An enduring dream of many touring motorcyclists is to ride their mount from coast to coast. Riding thousands of miles through varying temperatures and terrain is not your typical Saturday morning breakfast ride, but doing so will engender lasting memories, stories, and a great sense of accomplishment.
If you’re serious about traveling from “sea to shining sea,” here are some things to think about:
Set Priorities Brainstorm about, and write down, the potential goals of the trip: places you want to see, roads you want to ride, and/or people to visit along the way. Prioritize them and plot the higher priority items on a map. This will establish a framework.
Allocate Adequate Time Expect to spend two to three weeks for a one-way coast-to-coast trip. To have the most fulfilling experience, it’s often best to take those “roads less traveled,” which will require more time. Building in a couple rest days is a good idea, too.
After several weeks on the road, the prospect of riding another 3,500 to 4,000-plus miles may be unappealing and the time unavailable. If so, arrange in advance for your bike to be shipped home.
Plan the Route
Establishing a route will largely be determined by your highest priority goals.
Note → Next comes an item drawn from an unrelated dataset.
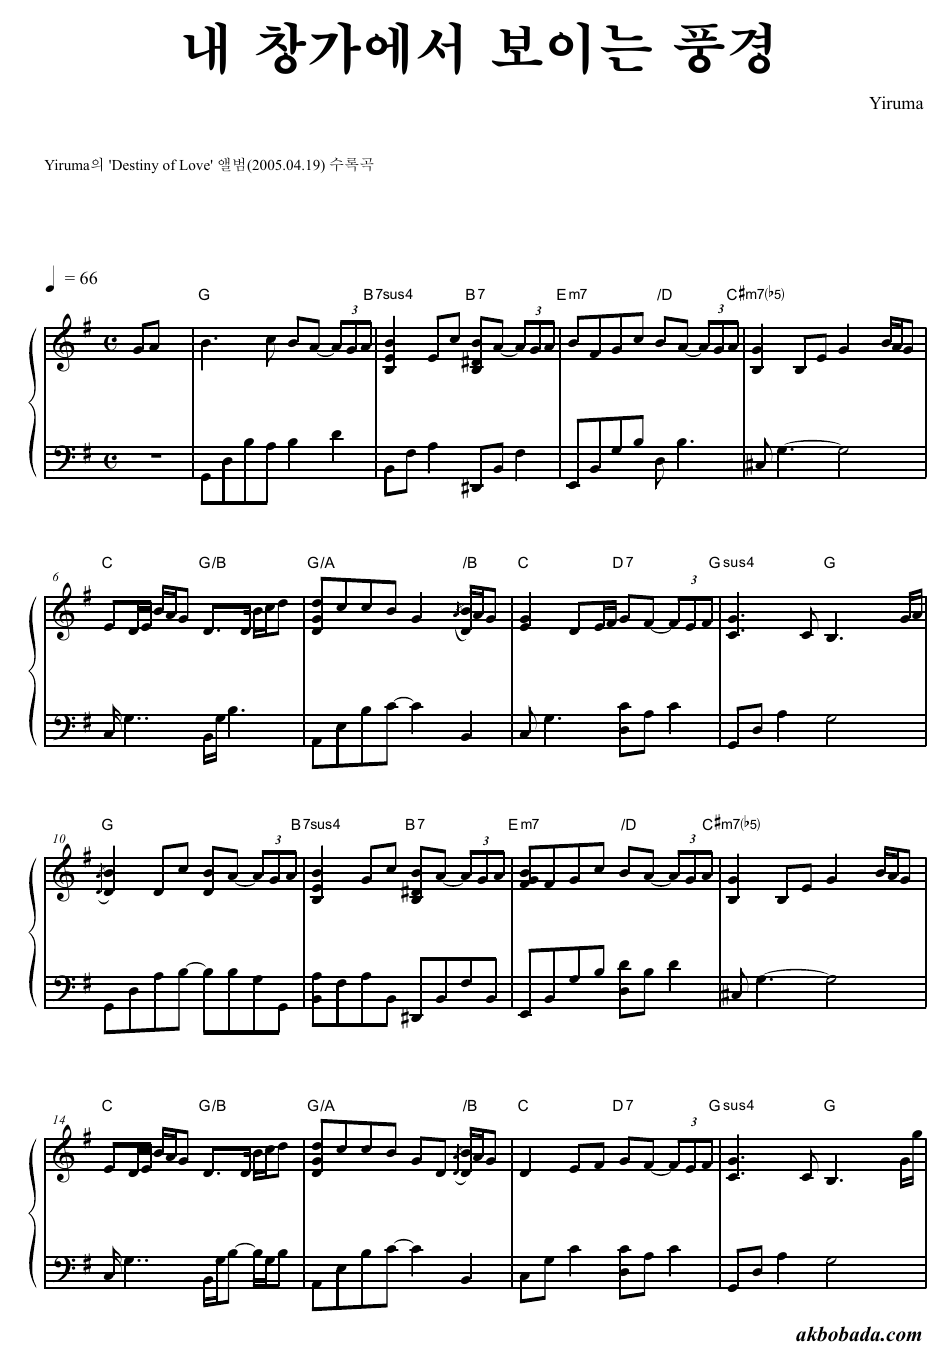 Yiruma - Destiny of Love Piano Sheet Music preview

While some riders prefer to have every accommodation reserved in advance, others want spontaneity. If you like to wing it, consider starting each day early and quitting around 3 – 4 p.m. before hotels are fully booked, especially during the height of tourist season.
Prepare for the Ride
We strongly recommend that the ride be taken with at least one other person, but no more than two to three. Carry a few tools and any spare parts that might be needed in case of a breakdown. If new tires, an oil change, or some other service will be required during the trip, arrange for this in advance with a dealer along the route. Some areas will not have cell coverage. A portable CB radio, for contacting others in an emergency, can be useful.
When it comes to packing, take only what you need and nothing more! Do laundry on your rest days. If you’re traveling two up with a significant other, provide them with the bag liner, tankbag, etc., so they know how much room they have.
Manage the Ride
In spring or summer, severe storms can occur as if out of nowhere, leaving you with no place to take shelter. Stay apprised of forecasts and changing weather conditions, communicate frequently with your group, and be flexible with the itinerary. If you’re traveling alone, let someone back home know where you will be riding each day and then check in with them at day’s end.
Last but not least, document your experiences with photos and entries in a journal. This effort will pay many dividends after the trip. There’s nothing better than photos—or video—and a written narrative to help relive the experience over and over again.